Bottom Line: At the end of the day, your symptom might be nothing more than a normal anatomical feature that you just recently started noticing.

What Now?

Should you see a doctor regarding this symptom? You can, but they’ll most likely tell you what you’ve already read in this article.

If you suffer from health anxiety, then getting reassurance from a doctor may help you forget about it. In either case, know that it’s not likely to be anything serious.

Ask a Question: If you want to ask a medical doctor a question that hasn't been answered in one of our articles go to: Ask a Medical Doctor About your Symptoms

Did you find the information in this article helpful?

6 Comments

  • If it’s an indentation caused by leaning against a surface, is there a better chance it will disappear on its own?
    Thank you

  • I had a small dent appear on the outside edge halfway up on my right thigh a just over a year ago. It grew in size to approx 3” long by 1” horizontal. Then one appeared identical on the other leg in exactly the same place. There was no discomfort at first but then they began to hurt. Then my whole upper legs hurt and I also get shooting pains. I went for a thigh scan last year and the fat has significantly disappeared where the indentations are. My legs also now feel weaker than they were. My gp has no idea what it is. I don’t lean against anything. I now also have pains in my knees, my Achilles, my elbows and the carpal tunnel I have had for 24 years has flared up worse than it’s ever been. I’m awake in pain every night. I’m at my wits end as my gp just said ‘sometimes things happen in the body for no reason’ something must be causing this. It’s so frustrating. I feel like I’m falling apart this past year.

    • I’m so sorry to hear this has happened to you as well Dawn. My name is Dee and I have the painful indention on my right thigh and I have a pretty bad case of carpal tunnel.
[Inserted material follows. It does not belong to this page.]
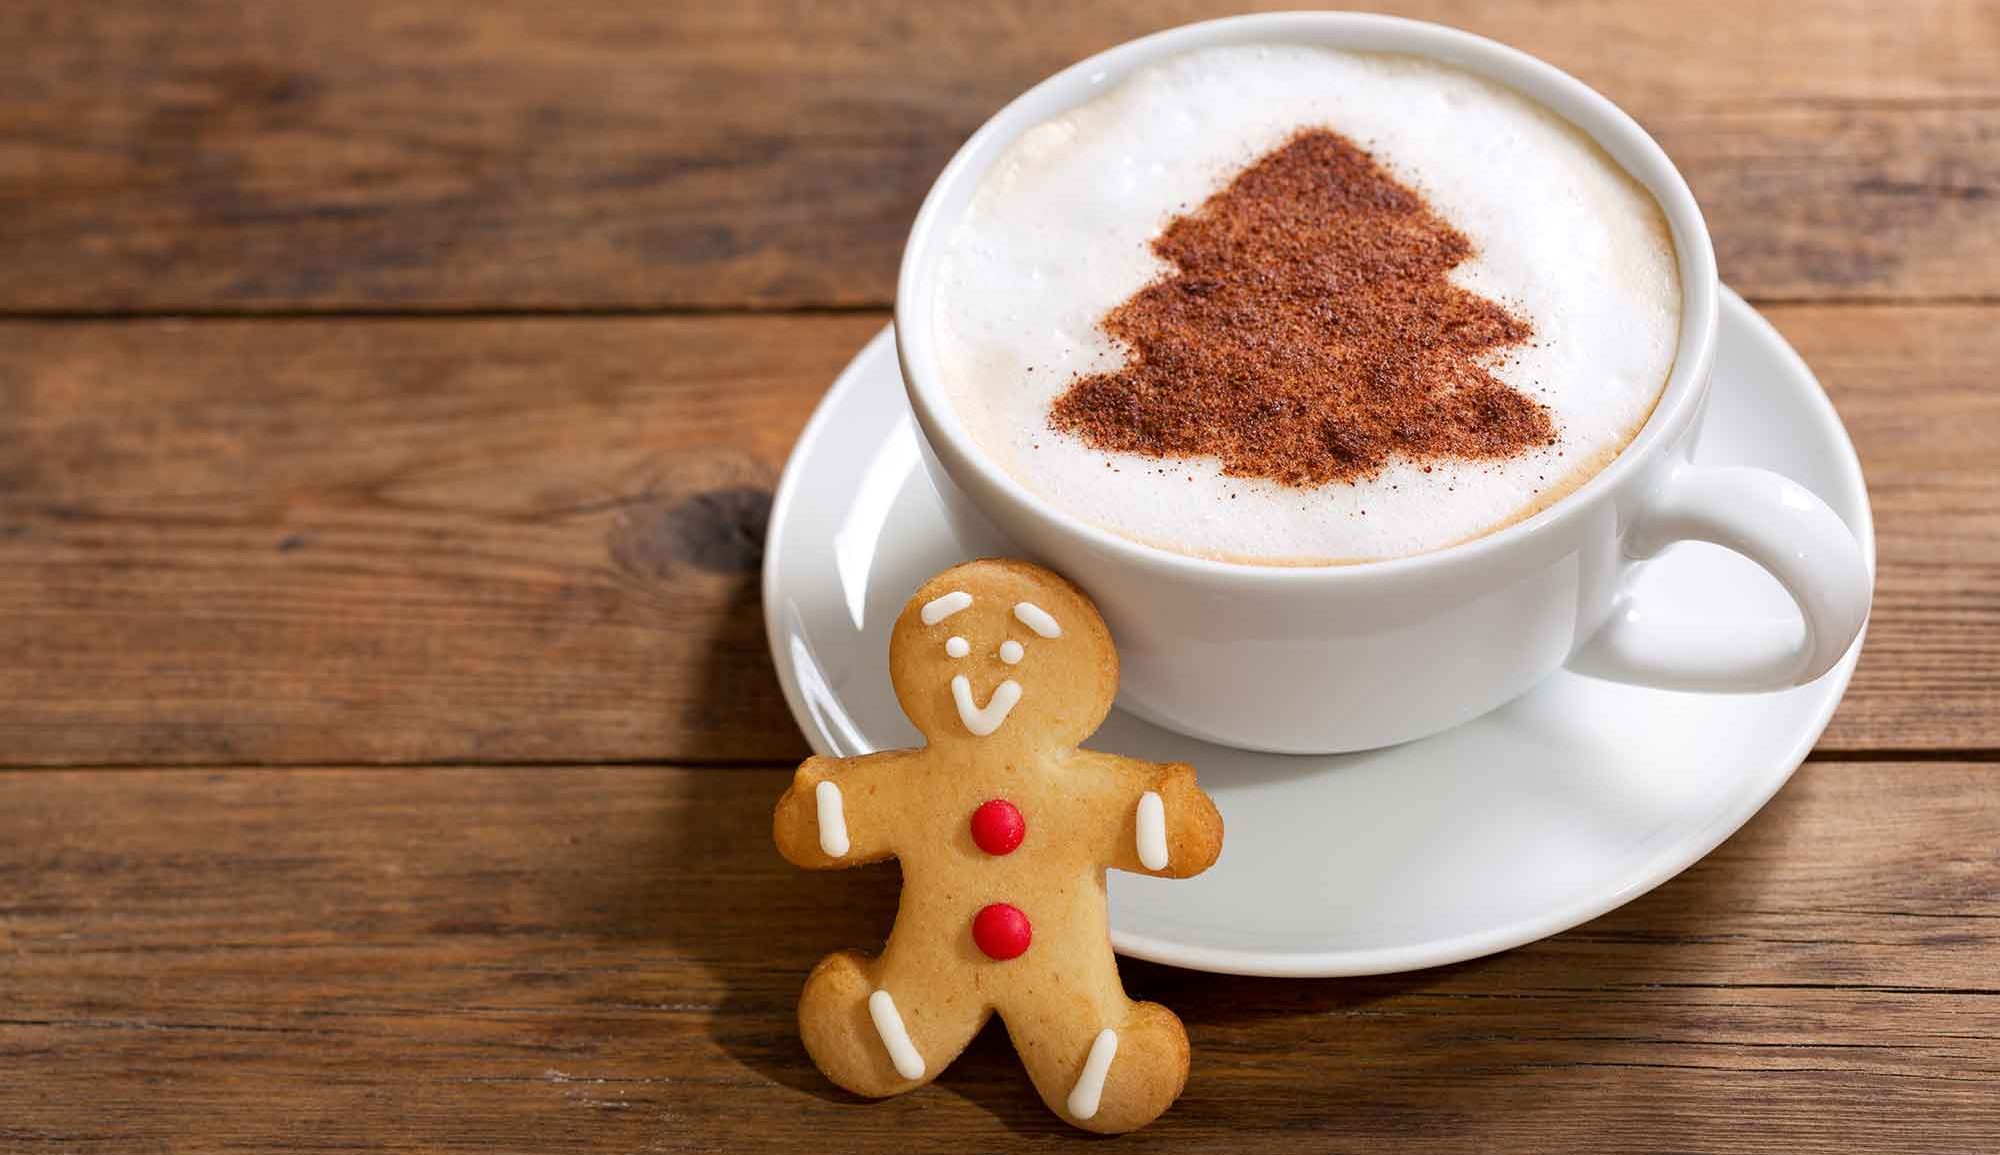 Mydentist has ranked the Christmas drinks with the most sugar in them

I am wondering if you’ve found out what this could be.

      Can these things be environmental?

    • Dawn, my symptoms are nearly identical to yours. Although I’ve had leg pain most of my life, I just noticed the dent in my left outer thigh this week, and I think it appeared following doing some squats. My knee hurts, outer shins, and the indention is a little tender, but it’s more how it looks that bothers me. Have you found out anything on your situation yet?

  • Ok, so I was doing squats and afterwards I watched everything on my right leg, from my knee to my hip, shift. Then the same thing happened on my left leg but not as bad. I did a lot of research and I now know its this, but what is this called? Does this not have a name?